Hi, We have been experiencing an issue with Continua from some time ago. Sometimes the repository error log is filled with errors trying to communicate with GitHub.com. However we don’t have any problems connecting to GitHub in our machines which are in the same network and when we try to replicate the connection errors from the Build Machine we can’t reproduce them manually.

http://d.pr/i/55cd

These issues seem to put the repositories in an “error state” (out theory) and if we don’t clear the error log manually, the builds doesn’t get triggered when a new commit is made, etc.
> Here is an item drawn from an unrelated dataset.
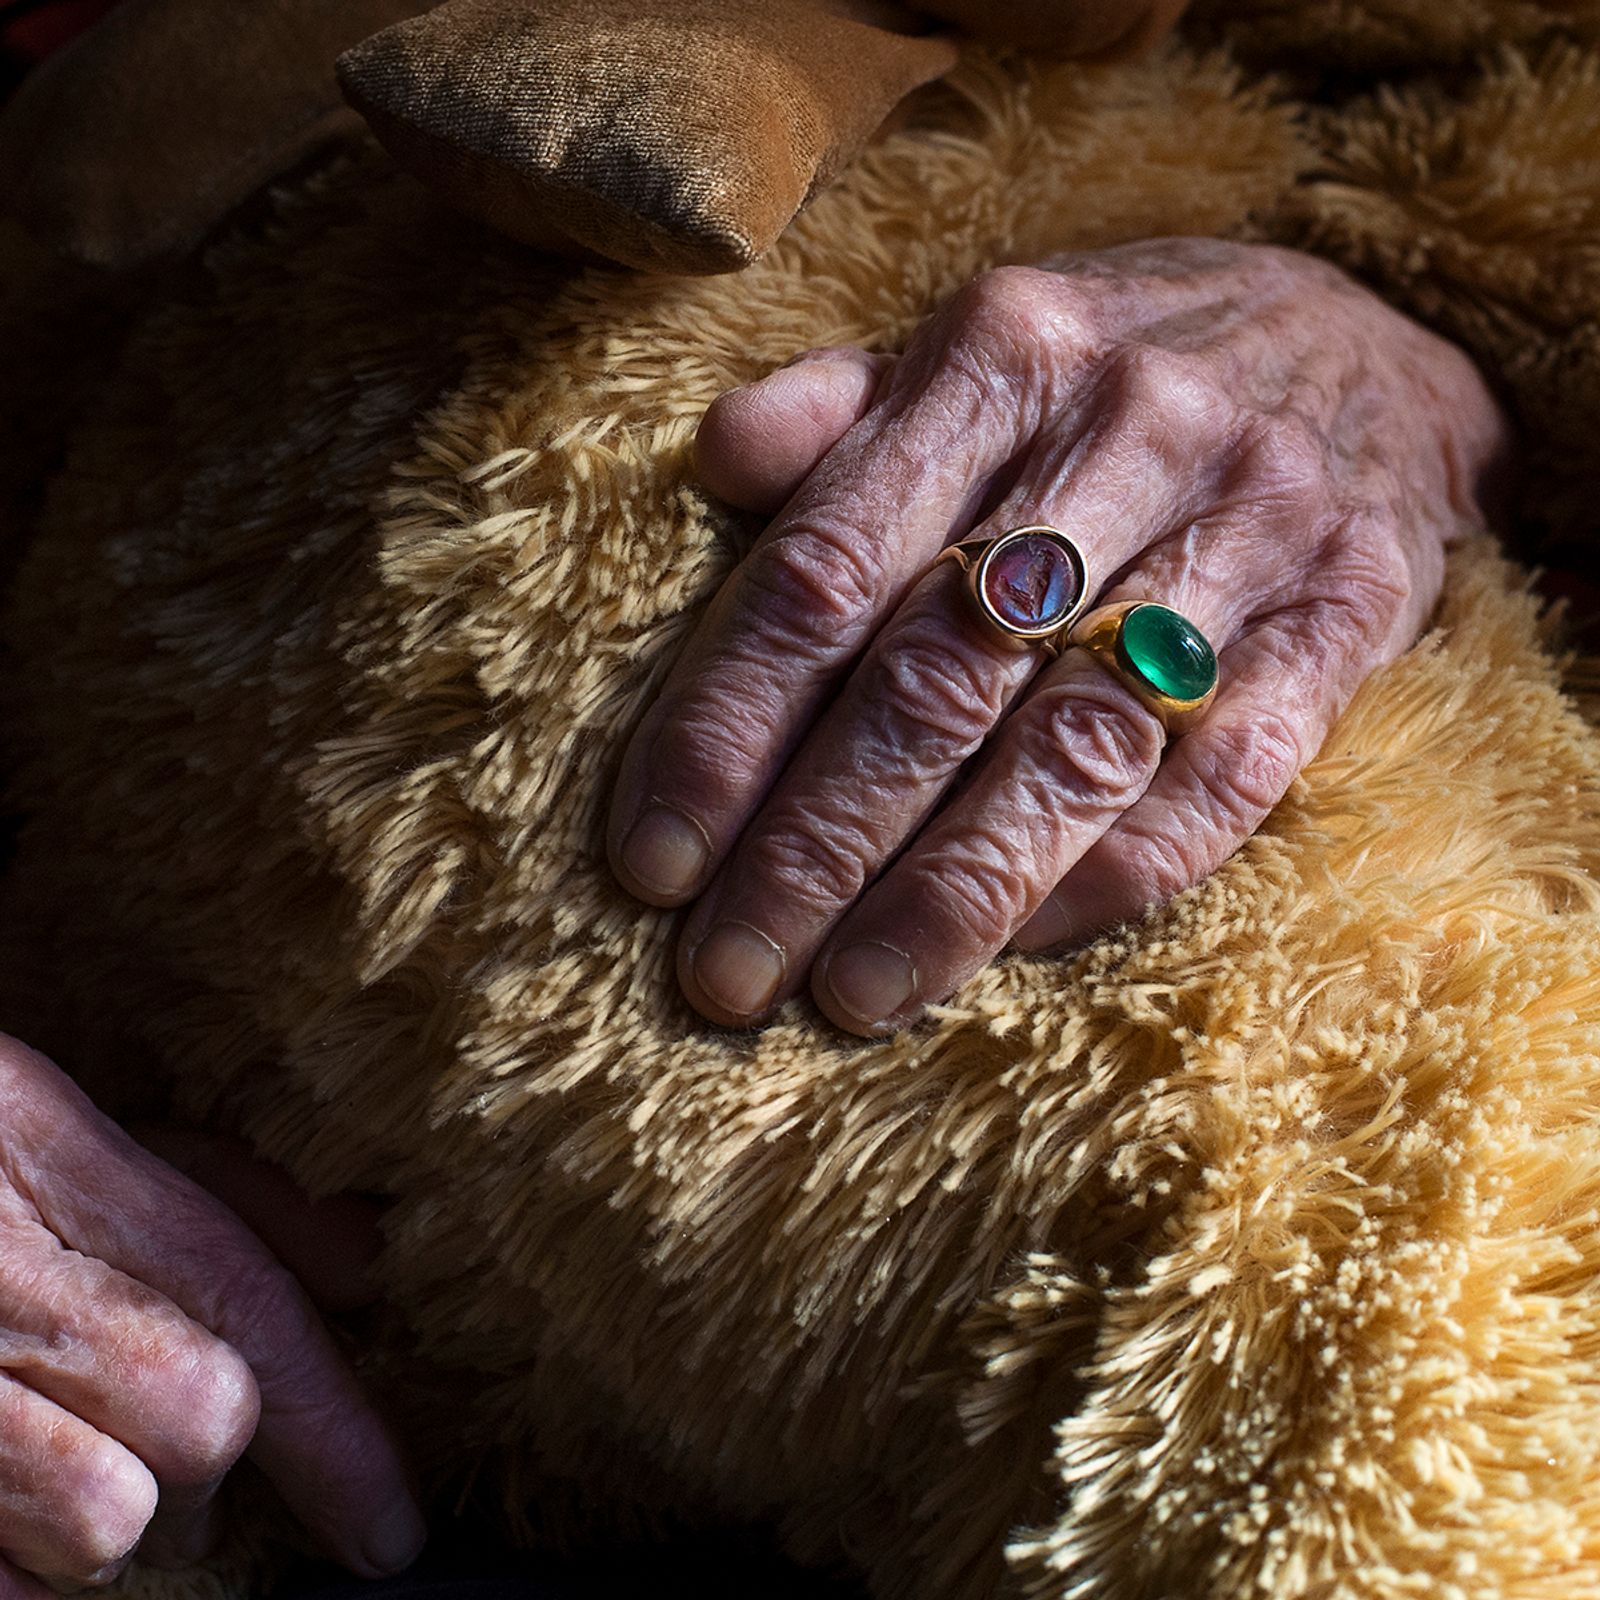 © Melissa Ianniello - The hands of Edda Billi, 87 years old (Rome – Lazio).
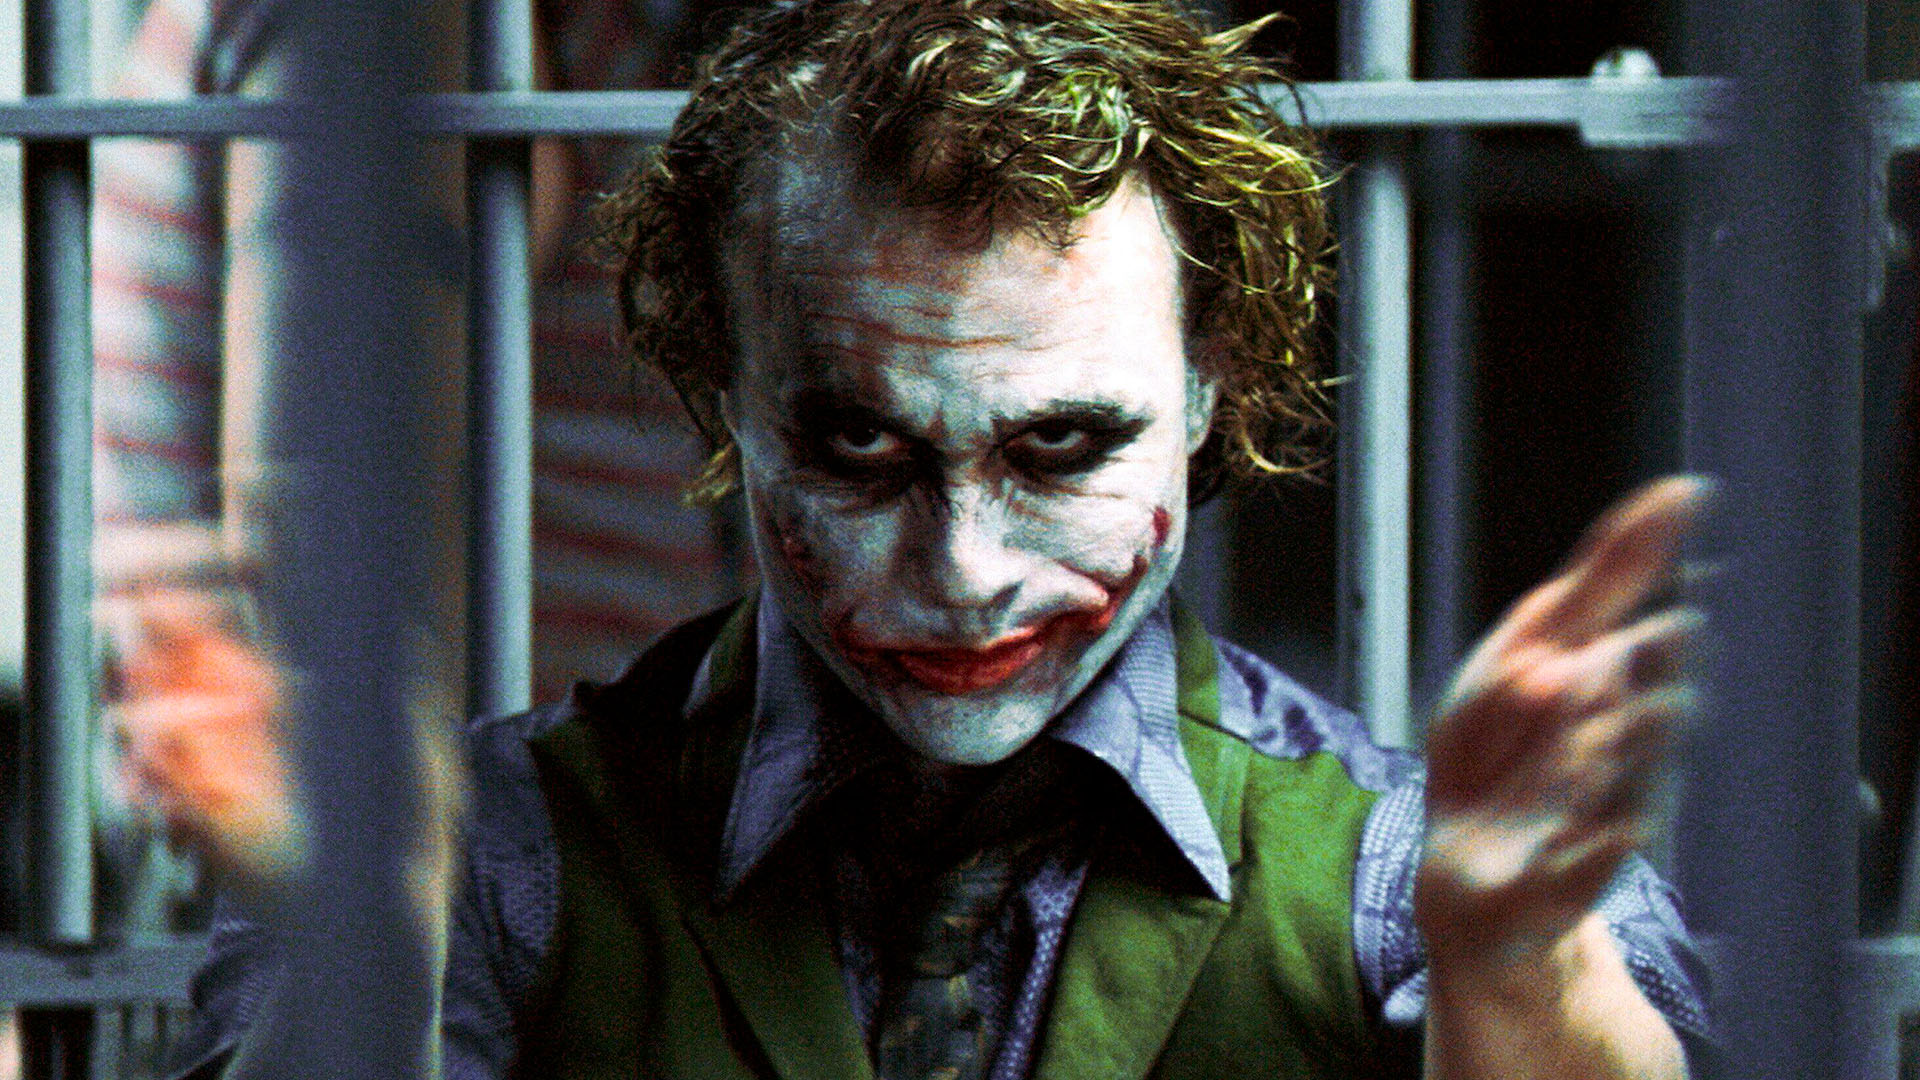 De reden achter de kenmerkende Joker-beweging van Heath Ledger is eenvoudiger dan je zou denken

How can we correct this issue? or it is really a problem with our internet connection? (We have tried a lot of things to try to improve the performance of the network connection in the build machine)

Thanks in advance

There are a lot of things that can cause this type of problem. Bad NIC on your build server, bad network hardware, failures on the github side, IPS and others.

Couple of suggestion:

Clone the repository to a local machine and point your build server to that. It’s not likely the right way to go for production, however if that works fine it might be safe to say it’s a problem with the connection between your build server and GitHub.

Install wireshark on the build server (or use some means of capturing packets). Setup the capture filter to filter on the git port being used and start capturing packets to a file. Leave that running until the problem occurs. Then comes the harder part, finding someone to review the captures. Hopefully you have network folks that can do that, it may not pinpoint the problem however it should help narrow down the search.

How many developers do you have hitting GitHub from your location? If there are a lot, and all using a shared IP address… it could look like an attack on their network and may cause prevention measures to kick in and start dropping connections.

Hi Luis,

Github has had a several problems with DDOS attacks recently, although nothing is in the status history for the date of your error messages. It is possible that these time outs are due to preventative measures put in place to mitigate the DDOS attacks.

In addition to the useful suggestions by b.walker, another thing to check is the number of Git processes which are running concurrently in the task manager. If you have a lot of GitHub repositories, it may be worth limiting the number of concurrent repository checkers. There is a Server property named Server.RepoMonitor.MaxCheckers  for this purpose (see Administration -> Properties). This is set to 5 by default. Try decreasing this number to see if this has an effect on the number of time out errors. Note however that this may also cause builds to take longer waiting for other repositories to finish checking before checking for new changesets.

The repository should resolve an error state automatically once the connection is restored. It attempts to do this every 2 minutes, or every 30 seconds if a build is waiting for this repository. If this is not happening, we would be interested in seeing a debug log.